エシカルウェディング、思いやりの結婚式【サステナブルな世の中って?】

一方、日本では、1970年代から生協や市民団体などが、洗濯石鹸や有機食材、省エネ省資源製品などのエコ製品を扱ってきました。これらの製品は値段が高くデザイン性は二の次でした。

しかし、最近注目されるエシカルの場合はファッションショーと結び付いたように、デザイン性やファション性でも見劣りしない製品が増えています。

実際に、フェアトレードや間伐材・オーガニックコットン・有機食材などを使った家具・衣料・雑貨・加工食品や、鉱山の採掘現場での児童労働や環境汚染に配慮した貴金属を使ったエシカルジュエリーなど、身の回りで使えるアイテムは増えています。ただし、エシカル商品は、単品で使ってもインパクトに欠ける。 エシカル消費を点ではなく面にして印象的に見せられる、うってつけの場としてウェディングがあるのではないか。そんなことを思いついた時、エシカルウェディングをぜひやりたいという女性と知り合いました。

もともと彼女は、沖縄のサンゴのかけらを和紙に織り込んだウェディングドレスや、野の花のブーケを使うなど、こだわりのある女性でした。当日は天気にも恵まれ、古い洋館と庭が素敵なガーデンウェディングを「エシカル」というコンセプトでプロデュースした本格的エシカルウェディングとなりました。 緑豊かな庭での結婚式、オーガニックな食材を使った料理、フェアトレードコーヒーや、お色直しにはエシカルジュエリーと天然エコ素材のドレス、引き出物にはアフリカの女性生産者組合1000 人が関わっているシアバターソープなど。

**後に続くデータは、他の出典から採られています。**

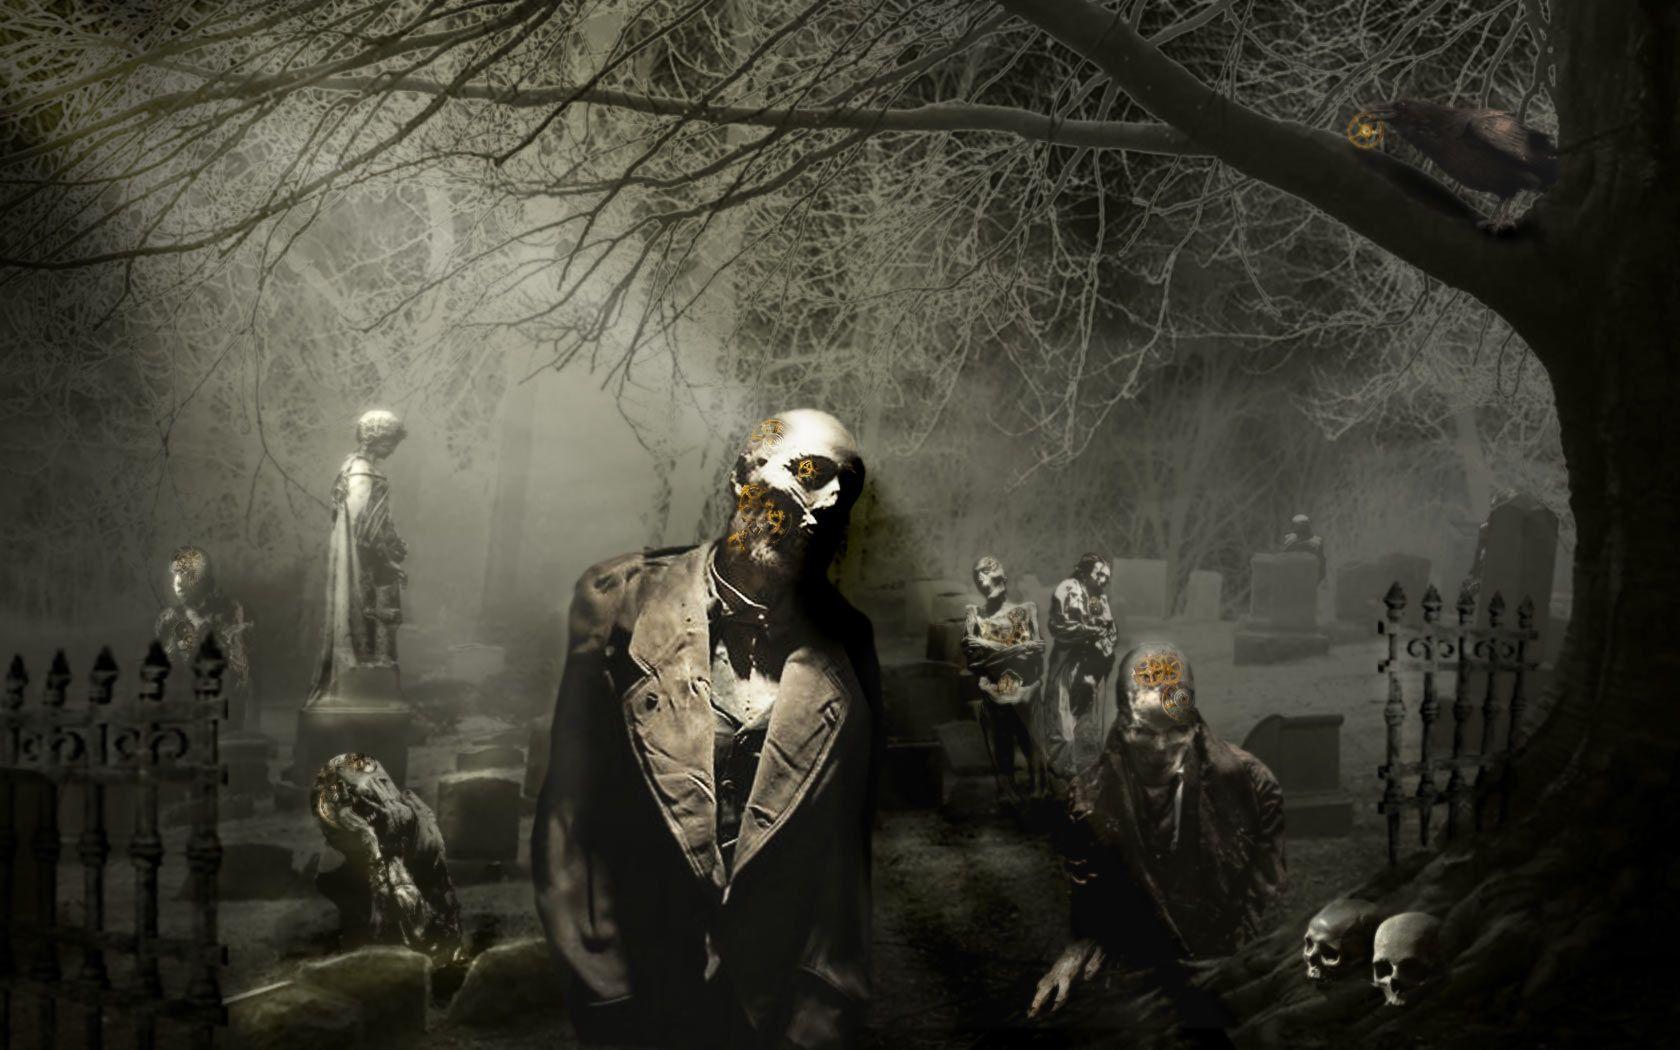 Most Inspiring Wallpaper Halloween Unique - f0c097906f863928b41f1632eba8d2b9  Image_152118.jpg

新郎新婦のはじけるような笑顔が参列した親族友人に広がり、それが空間を超えて、結婚式にかかわった多くの人たちの笑顔に伝播していくのが目に見えるような素晴らしいひと時でした。結婚式はもともと多くの祝福を受ける大事な日です。

そこで肩肘張らない自分らしいエシカル(思いやり)を演出してはどうでしょう。みんなの幸せの連鎖の中に自分の幸せがあることを実感できること、請け合いです。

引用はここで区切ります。